Passive Architectural Design Doesn’t Have to Look Modern
Passive design is all the rage among architects these days. Often times, architectural firms combine passive design with modern architectural principles as a selling point. It works, so why not? At the same time, passive design doesn’t have to look modern. It is very possible to design and build a passive house-certified structure that looks rather old.
A good case in point is a recently opened cidery in the Catskill region of upstate New York. Seminary Hill Orchard & Cidery is the world’s first cidery to earn passive house certification. If you didn’t know better, you would think the structure is a centuries-old barn that has been refitted for a modern purpose.
A Nod to the Past
Upstate New York used to be home to hundreds of bank barns that dotted the landscapes of the Hudson Valley, the Finger Lakes region, and even the northern portions of the state. Those barns are getting harder and harder to find. Age and a lack of maintenance are taking their toll.
Seminary Hill owners and architects wanted to preserve a bit of the past. So they decided that their new cidery would reflect the bank barns of days gone by. Despite being rooted in passive design, the structure looks every bit like a barn at first glance. From the road, you might not even know what the building actually is.
One of the ways designers kept the look of a barn without inhibiting passivity was to use exterior cladding that simultaneously resemble old barn boards and filter sunlight. The shape of the structure and its stone foundation complete the picture.
More About Passive Design
Passive design is something architects have been working with for millennia. Even before the practice had an official name, architects knew that designing buildings in concert with nature was integral to maintaining comfort and using energy wisely.

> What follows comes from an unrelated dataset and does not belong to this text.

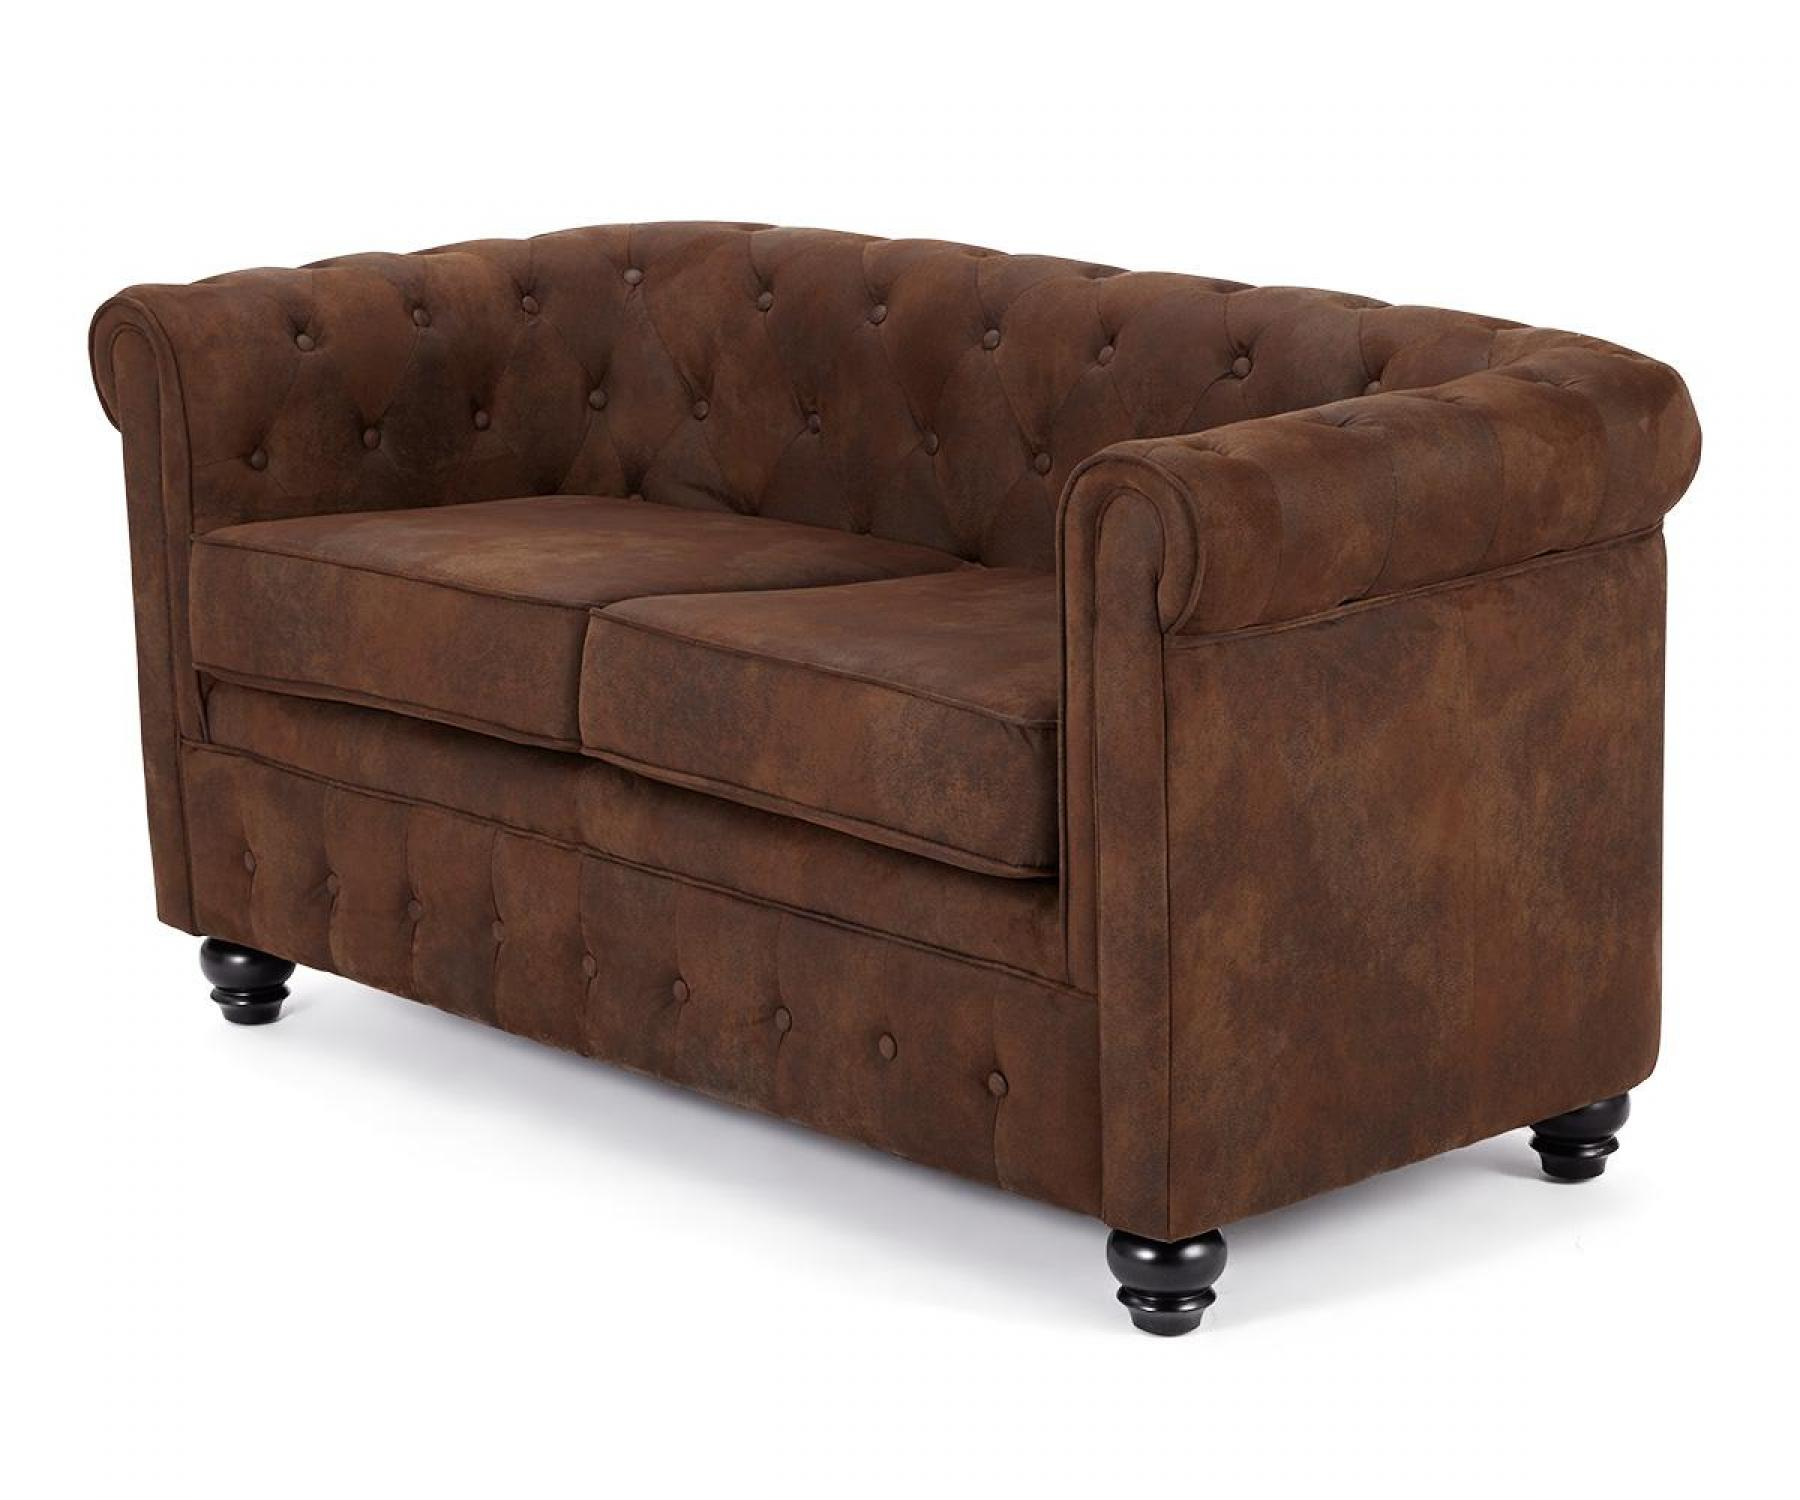 photos canap marron vieilli. Black Bedroom Furniture Sets. Home Design Ideas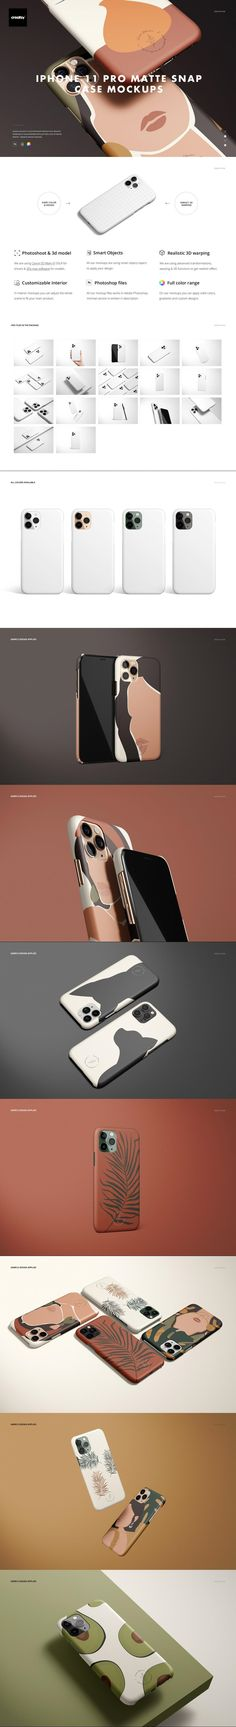 iPhone 11 Pro Matte Snap Case Mockup #shadowoverlay #mockup #phone #online #etsy #pinteresttemplate #moodboardmockup #sketchbook #printable #photo #creatsy #kidfriendlyscene #device #tile #sublimation #fuji #trucks #MockupTemplate #template Polaroid Frame, Mockup Templates, Instagram Story, Iphone 11, 2d, Letter, Feminine, Printing, Printable

The architects at Sparano + Mooney say passive design is all about reducing the need for mechanical heating and cooling through features built into the structure. Sparano + Mooney is an expert passive design architectural firm active in Utah and throughout the West.
Passive design considers a lot of different things:
- Natural Sunlight – Natural sunlight can be utilized to heat a structure during the winter months. Finding a way to passively block it can also help keep structures cooler in the summer. Passive design considers the path of the sun across a given property.
- Exterior Features – In addition to positioning the structure to take advantage of sunlight, exterior features can add to passive design. For example, extensive tree cover is an important feature in managing temperatures.
- Energy Efficiency – You cannot talk about passive design without mentioning energy efficiency. Architects consider everything from insulation to renewable power sources. The more energy-efficient a structure is, the better it is for the surrounding environment.
- Sustainability – Although sustainability is not technically part of passive design, many architects incorporate it into their practices. Committing to sustainability only increases the need to find ways to improve passive heating and cooling.
Seminary Hill Orchards’ decision to build a passively designed cidery may have been rooted in a desire to have a building that was both energy efficient and sustainable. But that did not force them to settle for modern architecture that just would not look the part in the Catskills.
Their architects were able to create a structure that is both passive and in keeping with the architectural history of the region at the same time. They now have a building that looks old despite being very modern in its energy efficiency and sustainability.